Generally, the felony-firearm offense, when committed by the principal, requires proof of the commission of an underlying felony. See People v Lewis, 415 Mich. 443; 330 N.W.2d 16 (1982). However, felony-firearm does not include a scienter requirement, i.e., there is no need to show that the defendant intended to commit an underlying felony. People v Perry, 119 Mich. App. 98; 326 N.W.2d 437 (1982), lv den 418 Mich. 856 (1983). Of course, in the ordinary case, the criminal intent of the principal must usually be shown as an element of the underlying felony.

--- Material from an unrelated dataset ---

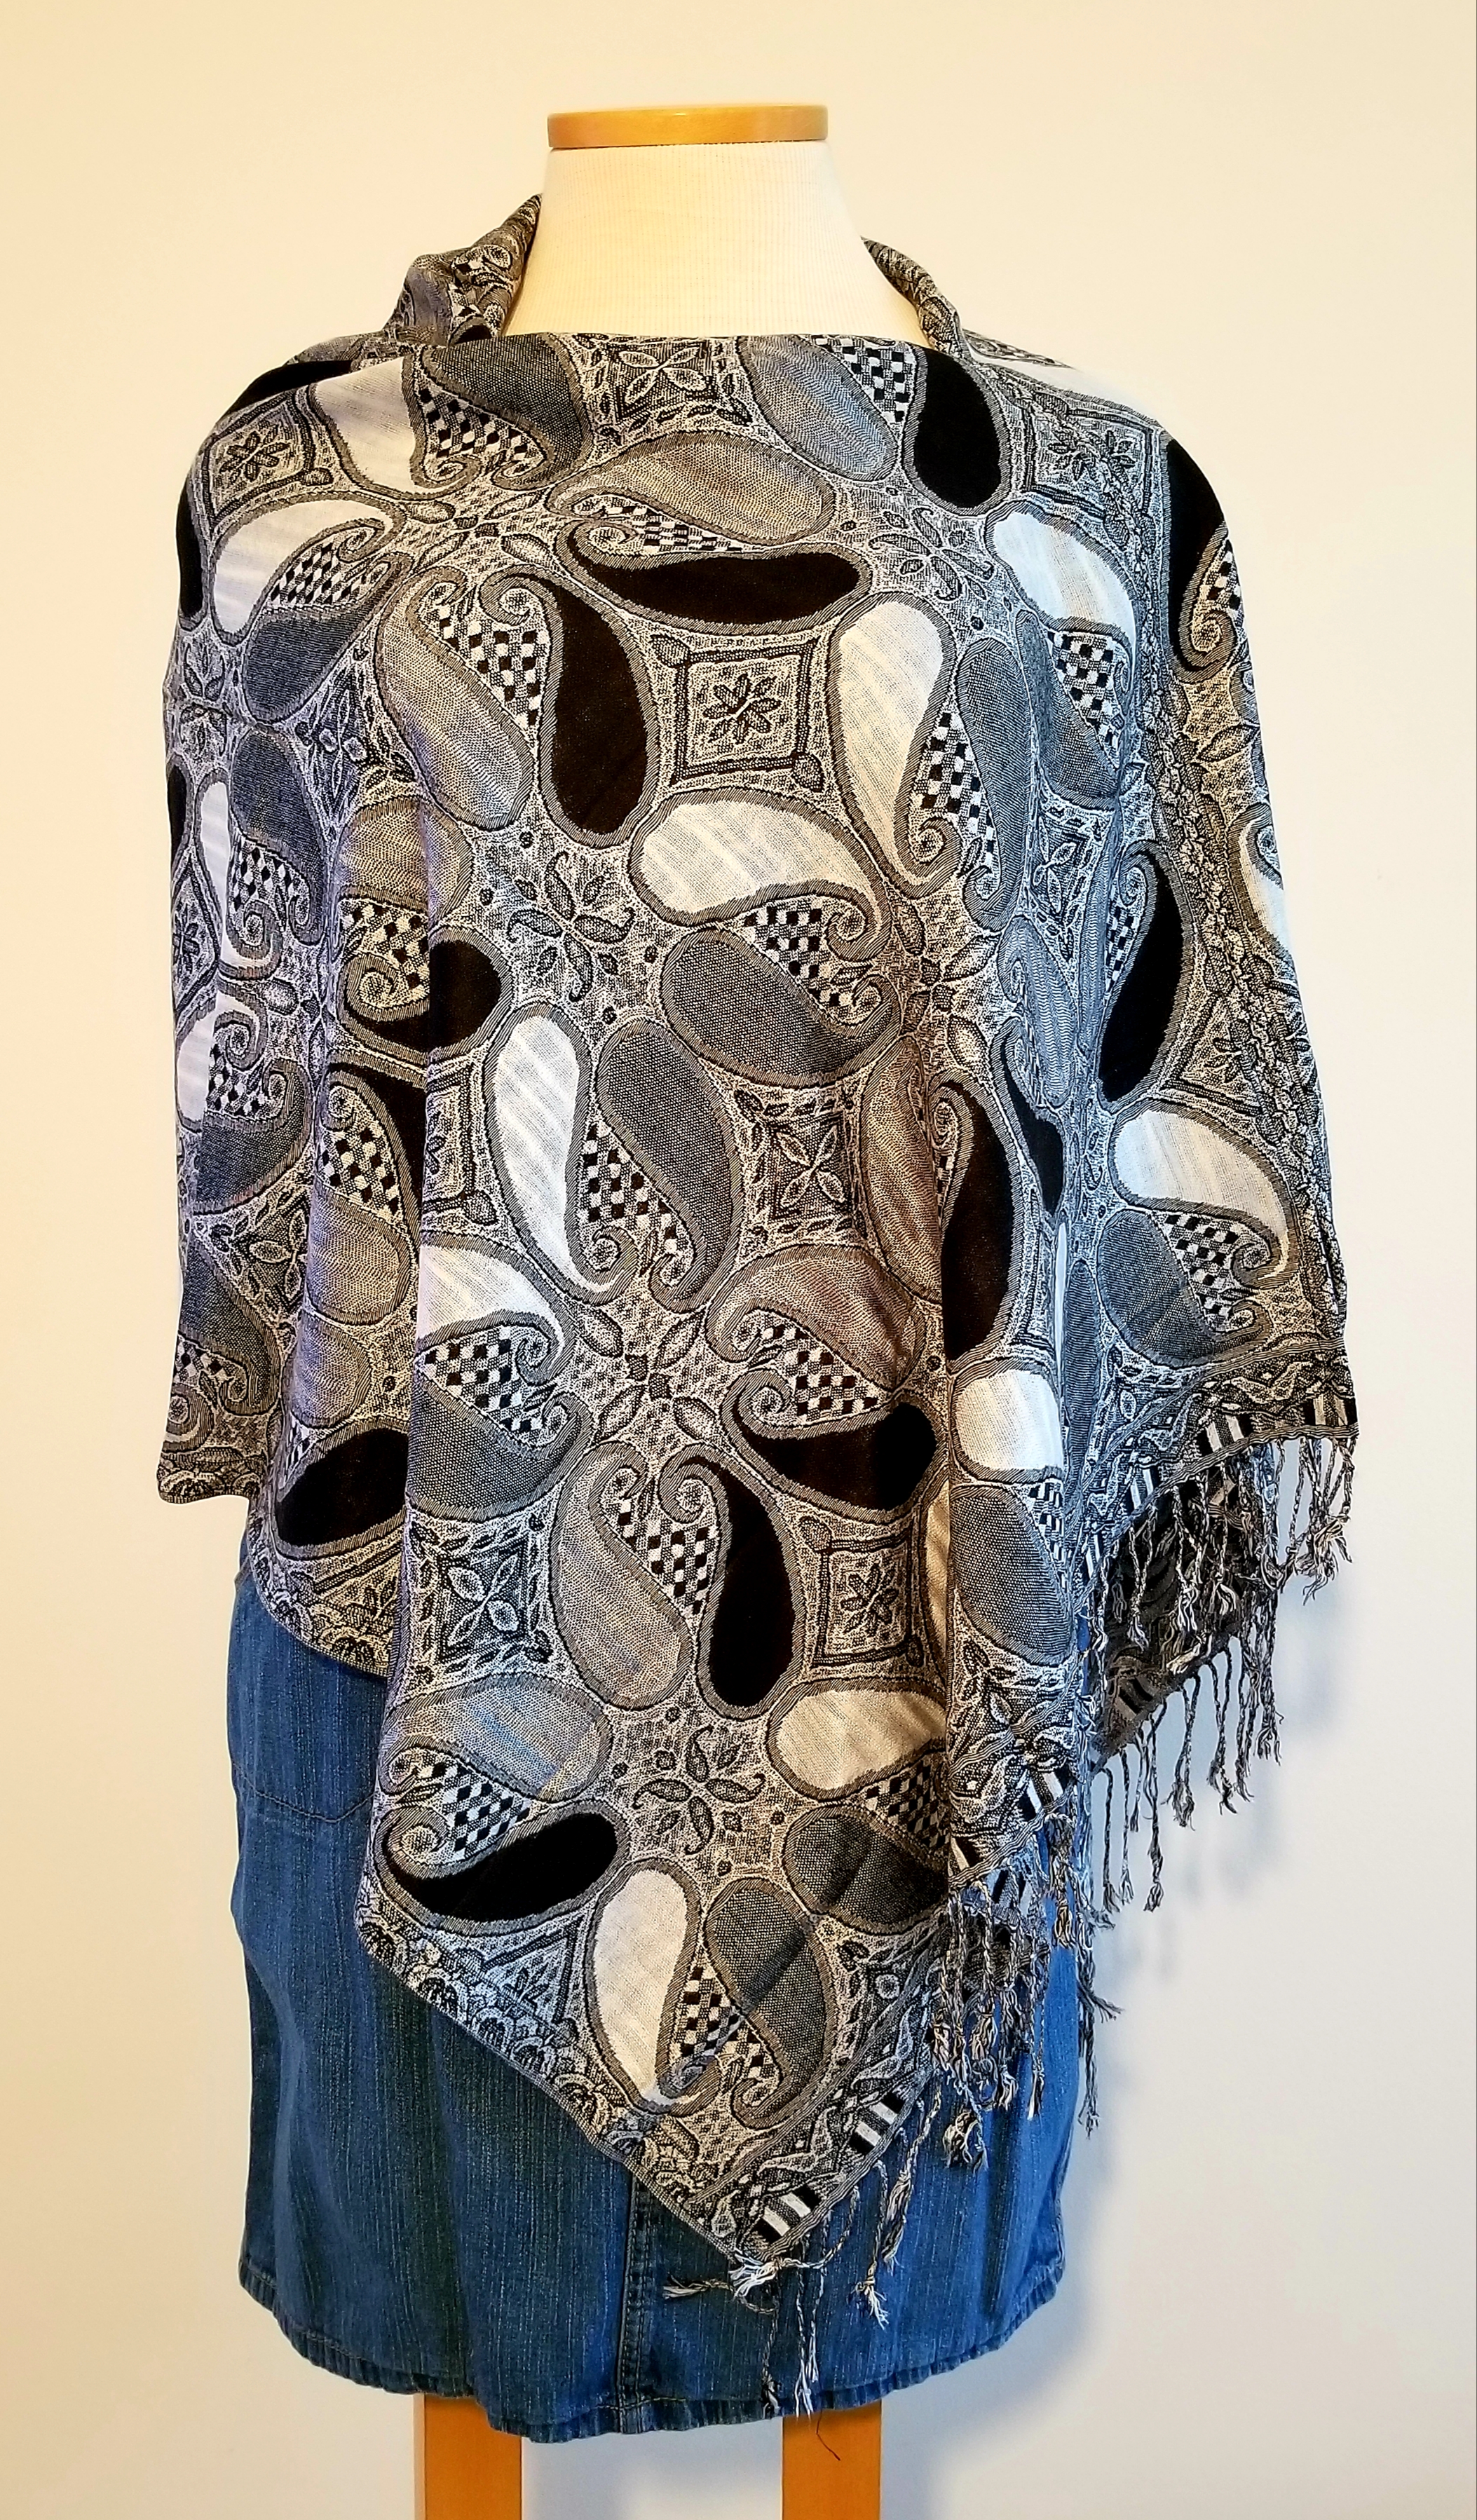 This Black White Silver Gray Modern Print Reversible Popover Shawlmina Shawl- Viscose Silk Blend - Fits most is made with love by The Creative Soul Sisters! Shop more unique gift ideas today with Spots Initiatives, the best way to support creators.

We conclude that conviction of felony-firearm as an aider and abettor likewise requires no showing of the defendant's intent to commit the underlying felony. Our conclusion is compelled by the Supreme Court's holding in Johnson, supra, as well as our application of the general principles of aider and abettor liability. See People v Acosta, 153 Mich. App. 504, 512-513; 396 N.W.2d 463 (1986), lv den 428 Mich. 865 (1987). Since the felony-firearm offense does not contain a scienter requirement, it is not necessary for the prosecutor to show that the defendant, acting as an aider and abettor, did intend or otherwise participate in the commission of the underlying felony. It is sufficient that the defendant intentionally assisted or aided the principal's possession of a firearm under circumstances that constituted a felony-firearm offense with respect to the principal.
Because the jury instructions reflected the foregoing principles, no instructional error was committed by the trial judge.